Dataset extract:
──────────────────────────────
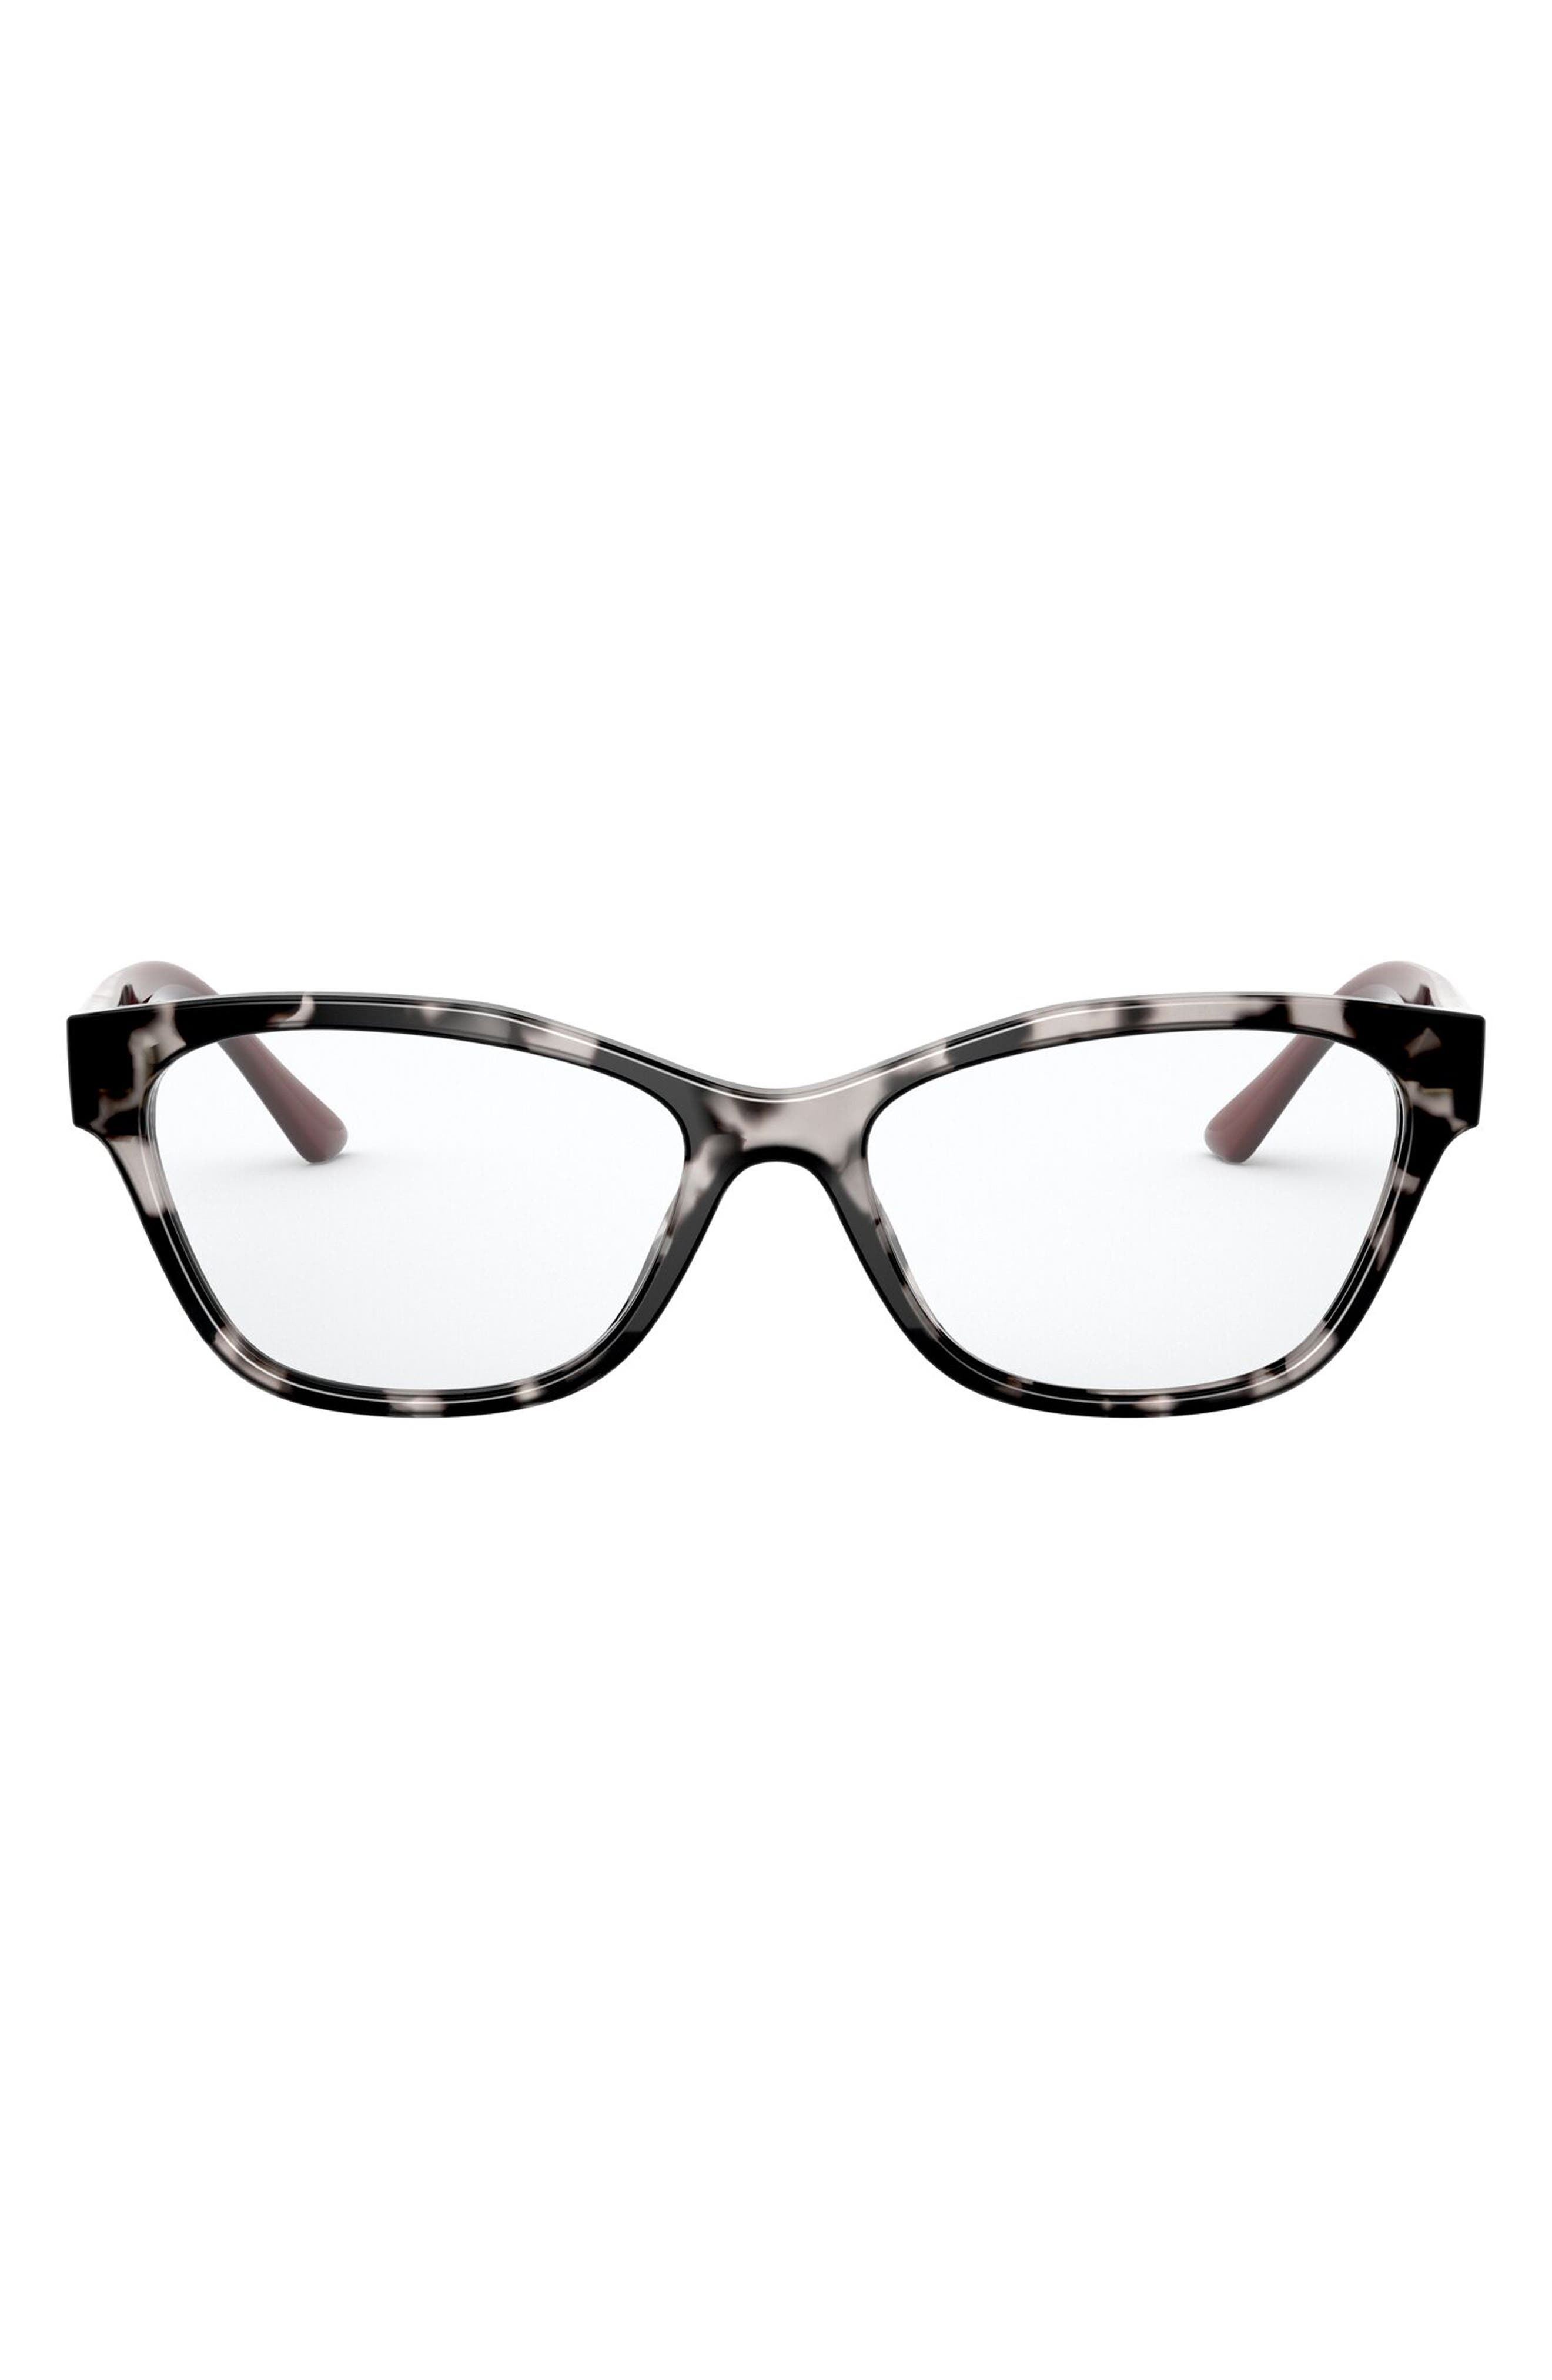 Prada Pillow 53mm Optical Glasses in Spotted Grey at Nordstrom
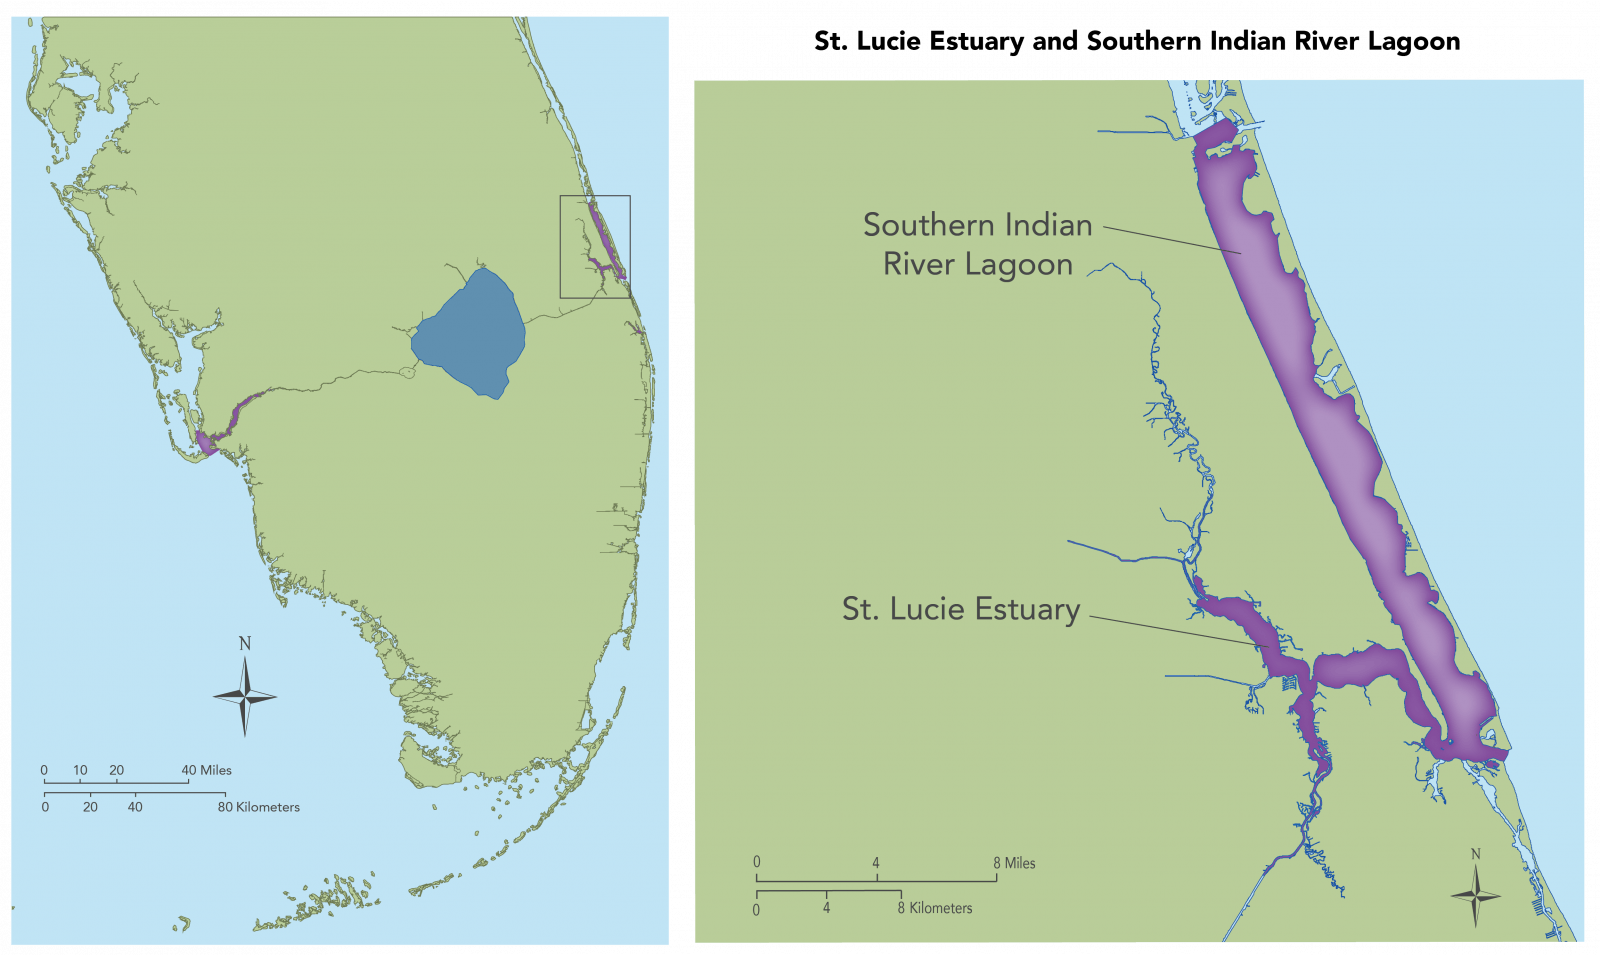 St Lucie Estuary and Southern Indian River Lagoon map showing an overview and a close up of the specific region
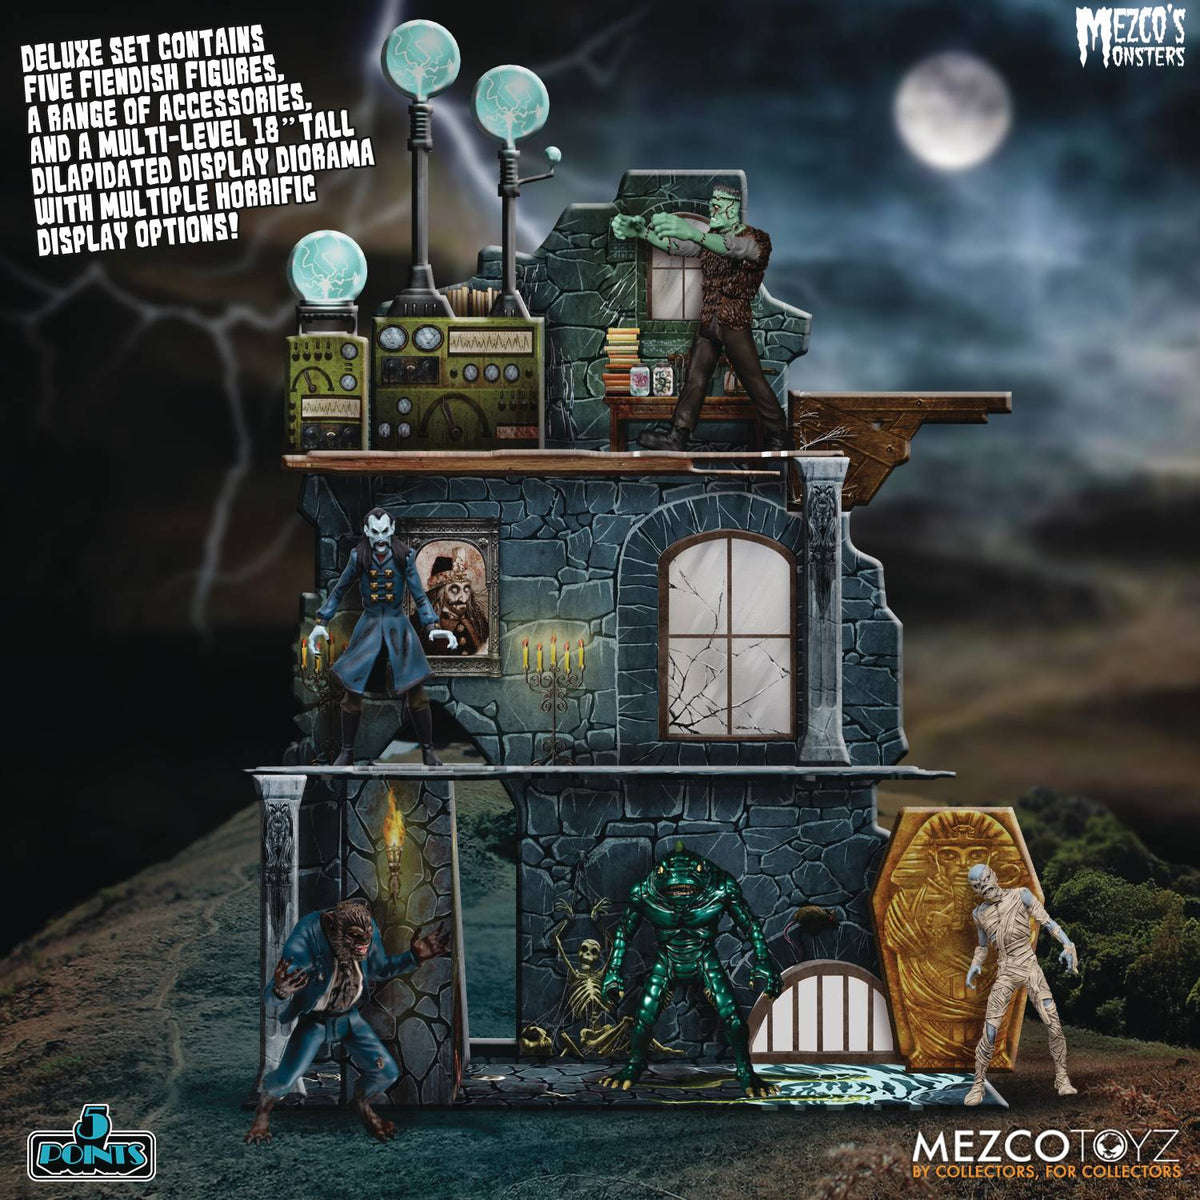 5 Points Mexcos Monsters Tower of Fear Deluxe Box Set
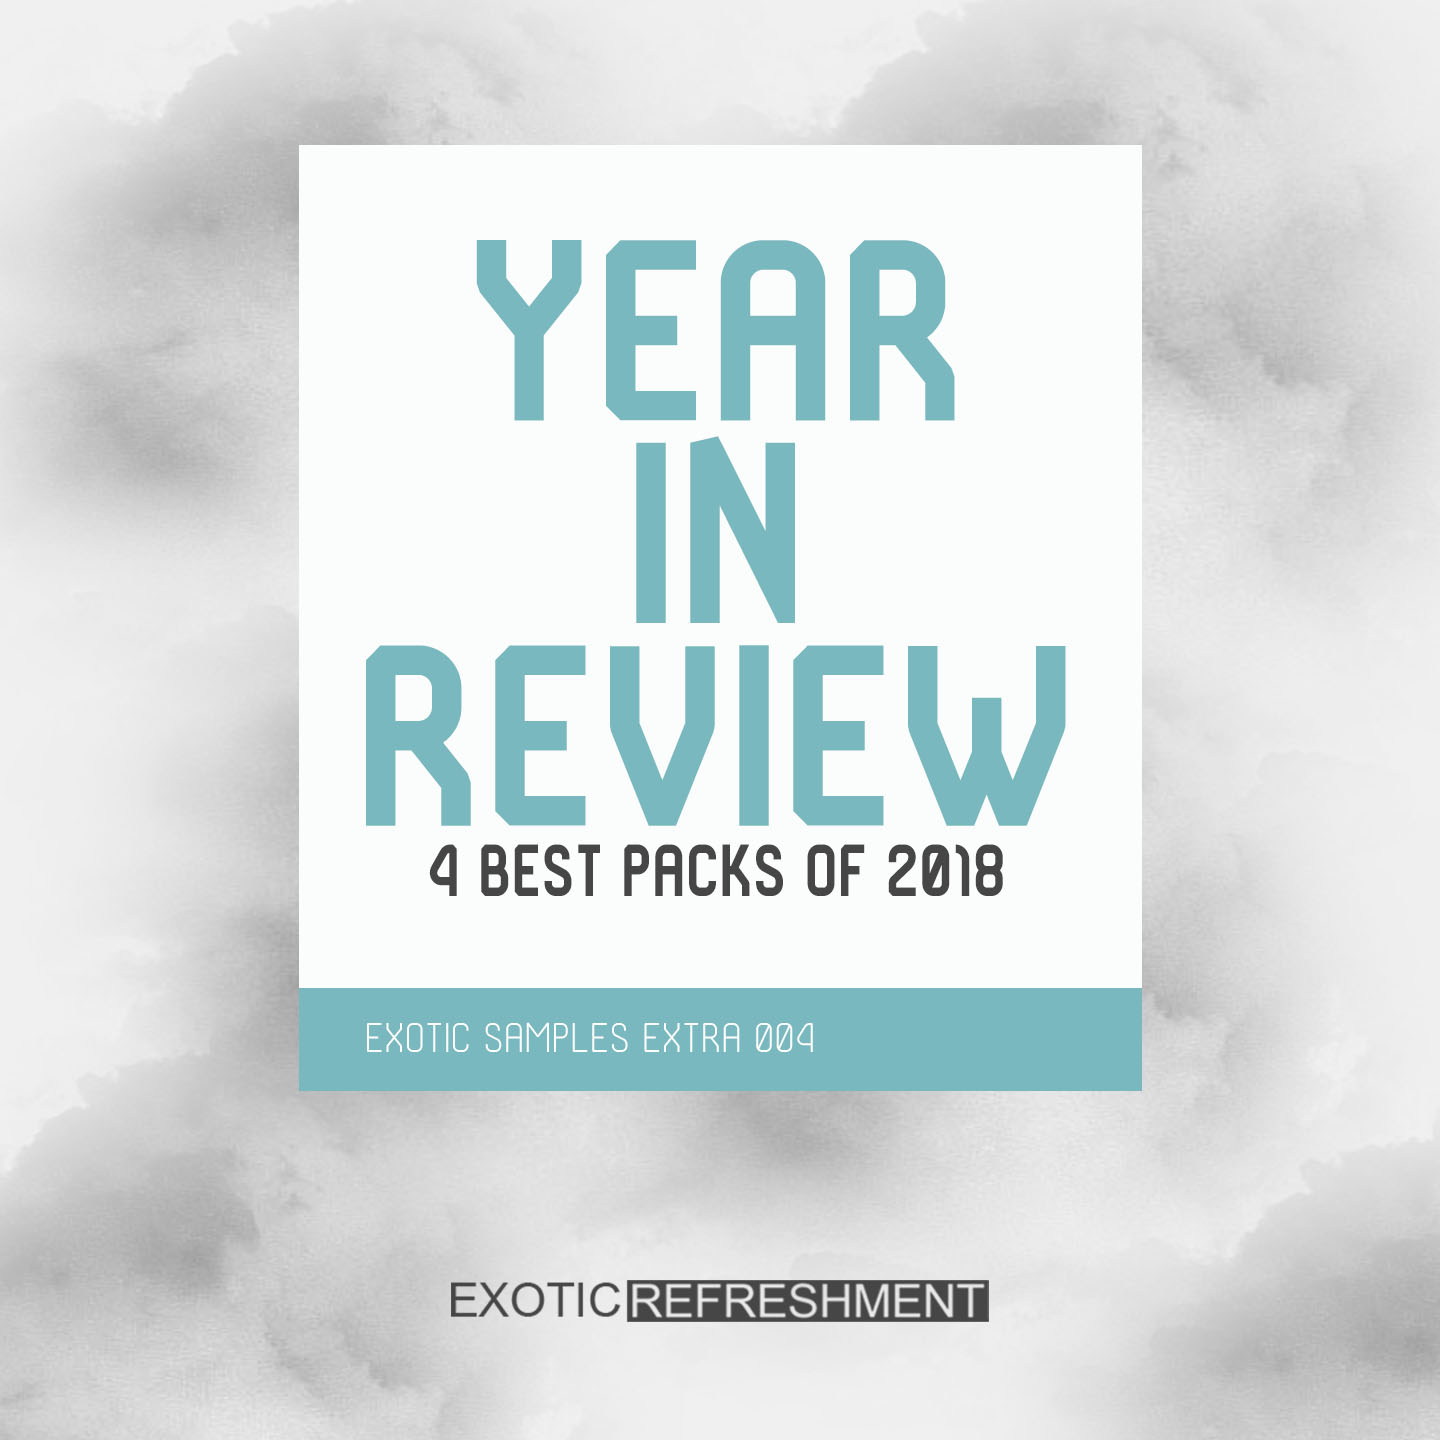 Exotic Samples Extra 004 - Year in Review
──────────────────────────────
Problem to work on: Apart from the pictures, the material above has to be repeated exactly.

Output of the exercise:
 Prada Pillow 53mm Optical Glasses in Spotted Grey at Nordstrom
 St Lucie Estuary and Southern Indian River Lagoon map showing an overview and a close up of the specific region
 5 Points Mexcos Monsters Tower of Fear Deluxe Box Set
 Exotic Samples Extra 004 - Year in Review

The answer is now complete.